Metadata-Version: 2.4
Name: mlb_odds_scraper
Version: 0.1.11
Summary: A package for scraping MLB odds data from OddsPortal
Author-email: Oronto <vile319@gmail.com>
Project-URL: Homepage, https://github.com/Oronto/mlb_odds_scraper
Project-URL: Bug Tracker, https://github.com/Oronto/mlb_odds_scraper/issues
Classifier: Programming Language :: Python :: 3
Classifier: License :: OSI Approved :: MIT License
Classifier: Operating System :: OS Independent
Requires-Python: >=3.8
Description-Content-Type: text/markdown
License-File: LICENSE
Requires-Dist: pandas>=1.0.0
Requires-Dist: selenium>=4.0.0
Requires-Dist: stealthenium>=0.1.0
Requires-Dist: sqlalchemy>=1.4.0
Requires-Dist: MLB-StatsAPI>=1.0.0
Dynamic: license-file

# MLB Odds Scraper

A Python package for scraping MLB odds data from OddsPortal.
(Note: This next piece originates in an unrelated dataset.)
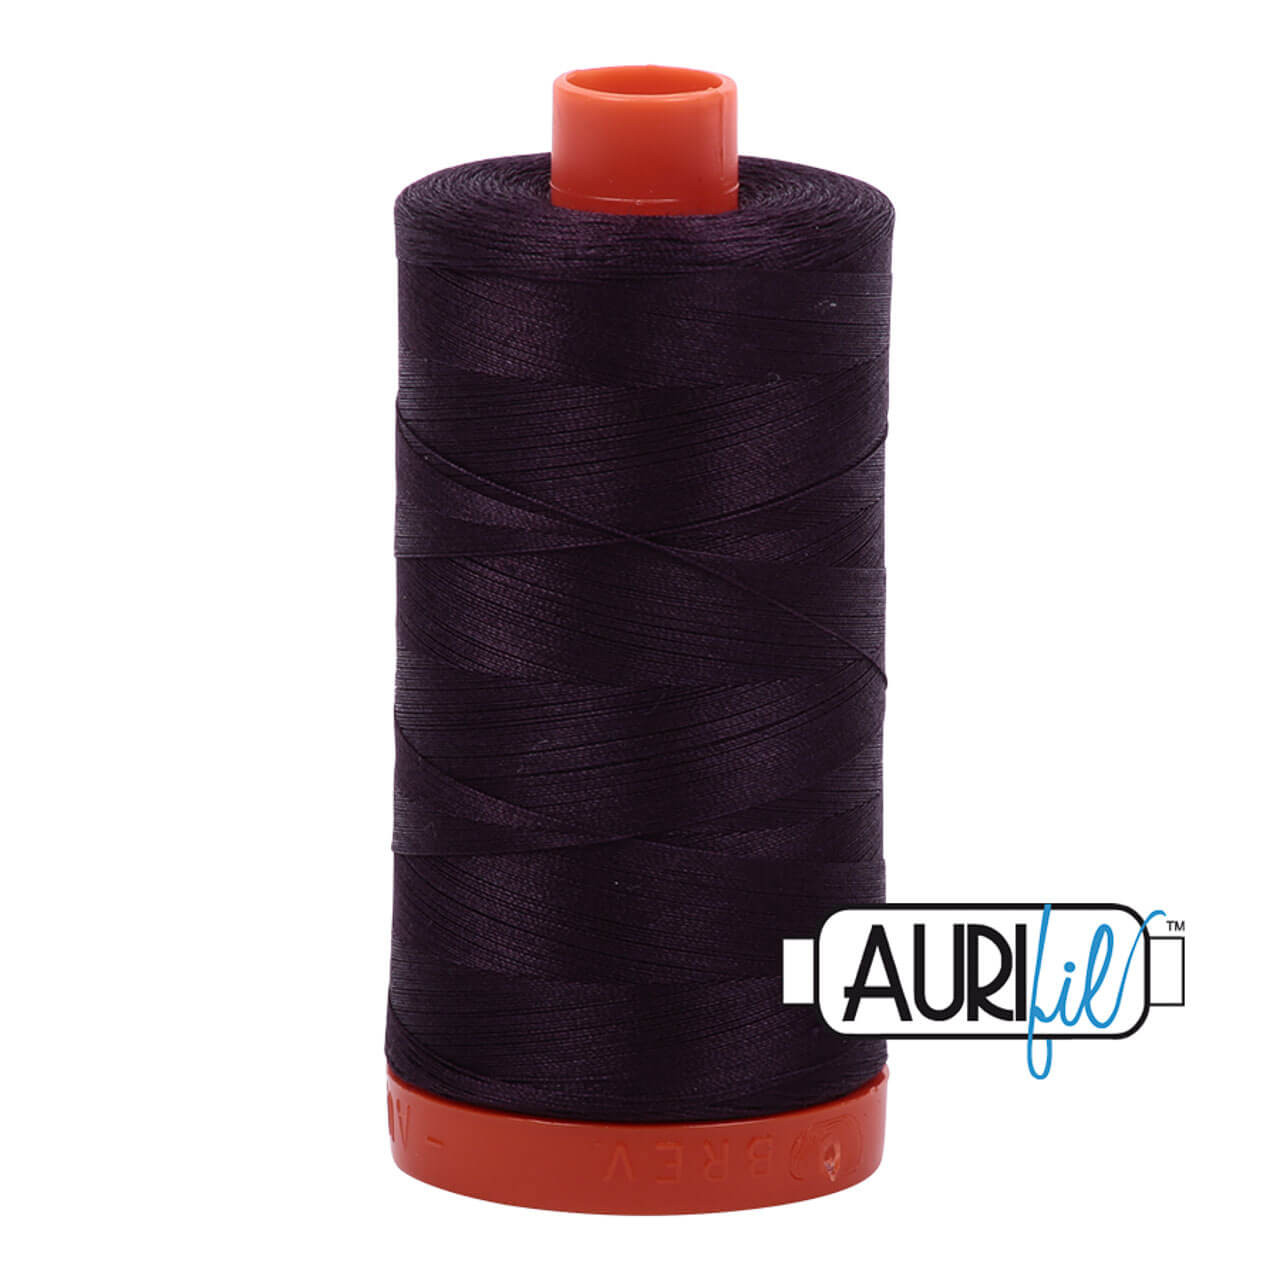 A large spool of Aurifil Aubergine 50wt Egyptian cotton thread in dark purple with Aurifil logo
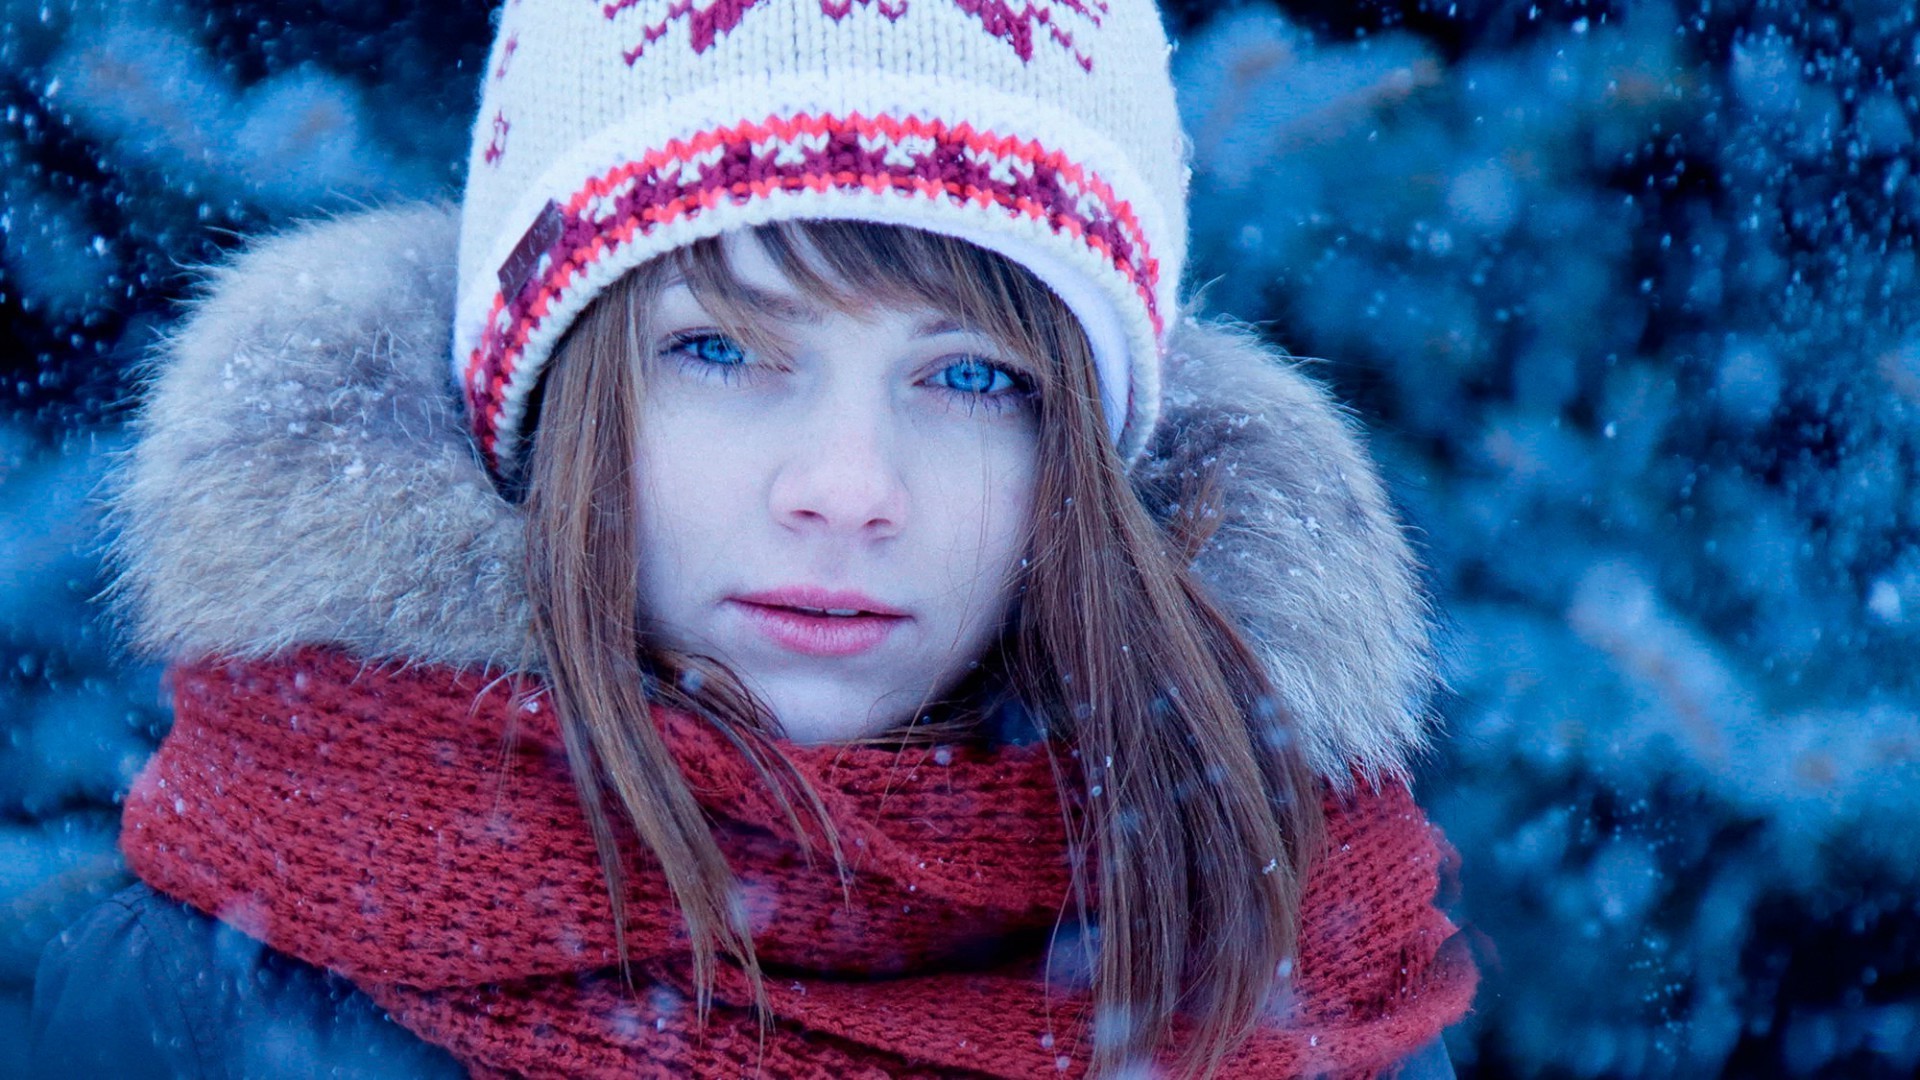 Wallpaper, women, blue eyes, red, snow, winter, color, girl, beauty, season, 1920x1080 px 1920x1080

This package provides tools to easily retrieve and analyze betting odds for MLB games.

## Installation

```bash
pip install mlb_odds_scraper
```

## Features

- Scrape historical MLB betting odds from OddsPortal
- Support for concurrent page scraping
- Clean and structured data output with team ID mapping
- Timezone handling (converts game times to UTC)
- Filters out All-Star games automatically
- Adaptive selectors to handle website structure changes
- Enhanced stealth mode to avoid detection

## Requirements

- Python >= 3.8
- Chrome/Chromium browser installed

## Dependencies

- pandas >= 1.0.0
- selenium >= 4.0.0
- stealthenium >= 0.1.0
- MLB-StatsAPI >= 1.0.0

## Usage

```python
from mlb_odds_scraper import scrape_oddsportal_mlb, scrape_oddsportal_mlb_years, process_game_data

# Scrape a single year
games = scrape_oddsportal_mlb(2024)  # Scrapes all pages for 2024
games = scrape_oddsportal_mlb(2024, max_pages=5)  # Scrape first 5 pages only

# Scrape multiple years
df = scrape_oddsportal_mlb_years(2020, 2024)  # Scrapes 2020-2023
df = scrape_oddsportal_mlb_years()  # Scrapes 2006-2024 (default)

# Process the scraped data
processed_df = process_game_data(df)
# Returns DataFrame with:
# - Parsed dates and times (UTC)
# - Team IDs from MLB-StatsAPI
# - Cleaned odds and scores
# - Removed All-Star games
```

## Changelog

### v0.1.2
- Added multiple selectors to handle website structure changes
- Improved error handling and robustness
- Enhanced stealth mode to avoid detection
- Added better date and time parsing
- Fixed issues with future year scraping

### v0.1.1
- Initial release

## License

This project is licensed under the MIT License - see the LICENSE file for details.

## Contributing

Contributions are welcome! Please feel free to submit a Pull Request.